Jacque J. Sokolov, MD, said returns on the investments are widely varied. Though he no longer practices medicine, Dr. Sokolov has been involved with the industry as chair of Sokolov, Sokolov & Burgess, a health care management, project development and investment firm.
He said there are about 100 specialty hospitals in the United States. Of those, about 90% have a physician in an equity position. Some are set up as for-profit ventures with hospital development companies. Other facilities are partnerships with traditional hospitals.
Dr. Sokolov believes that, regardless of the financial value of the investment or the uncertainty of the market's future, physicians will continue to seek investments in specialty hospitals because they give physicians control in their work environment.
"The [financial] investment in the hospital which is more intermediate to longer term is usually offset by the physician's ability to be more productive, have more sophisticated technology and essentially benefit from greater efficiency of patient flow through the hospital," he said.
Mike Lipomi, president of the American Surgical Hospital Assn., agreed. "The reason physicians invest in these models in not necessarily for their financial return but more for their ability to control the environment they practice in."
Dr. Sokolov said it is difficult to judge whether the value of these investments has changed because they haven't been around long enough to determine whether the investment stakes can be sold for a profit.
If additional specialty hospitals are banned in the future, preventing further competition, he said "it could make those existing shares substantially more valuable if the hospital is a high-performing entity."
Jim Abel, a certified financial planner in St.
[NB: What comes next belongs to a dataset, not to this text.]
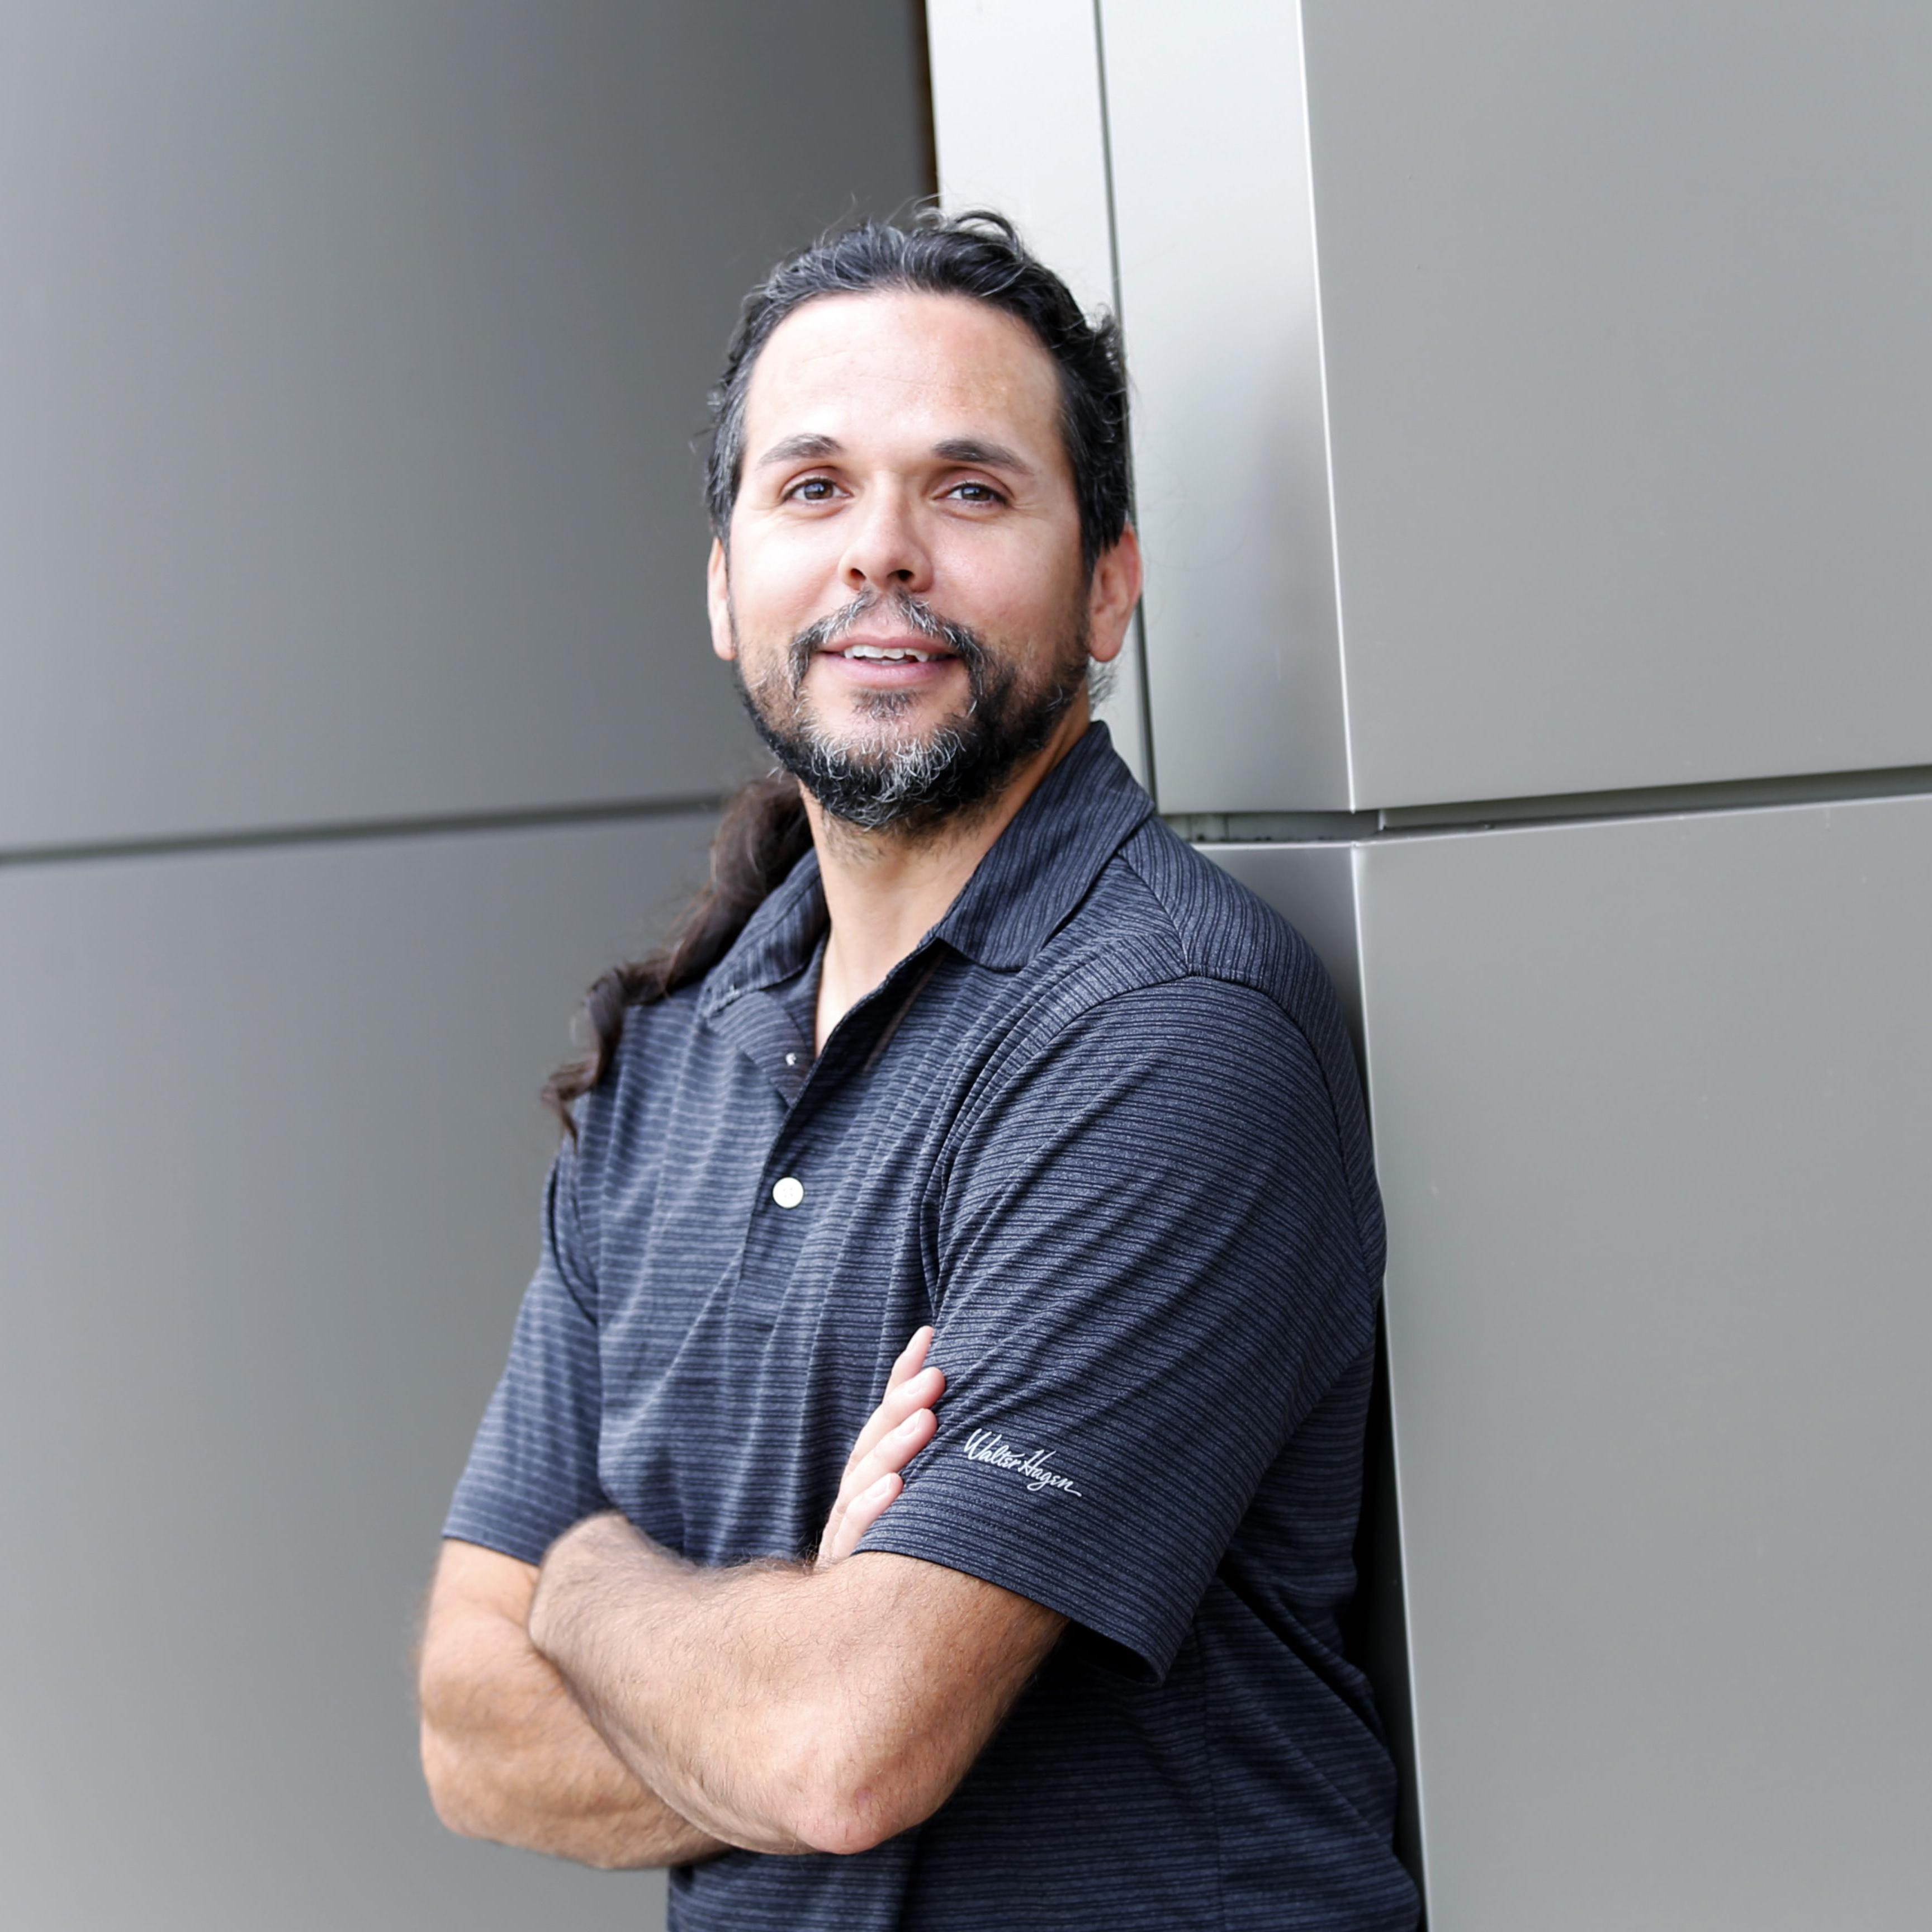 Jose Quiroz-Ziebart's Profile Photo

George, Utah, said he would counsel clients against making new investments in specialty hospitals for now. "For new investors, I would say wait and see what happens," said Abel, owner of Physicians Financial and Investment Services.
"It was a great investment a couple years ago and probably still is a pretty good investment, but with the moratorium, it raises some doubts as to whether this type of investment will be able to go on in the future unchanged."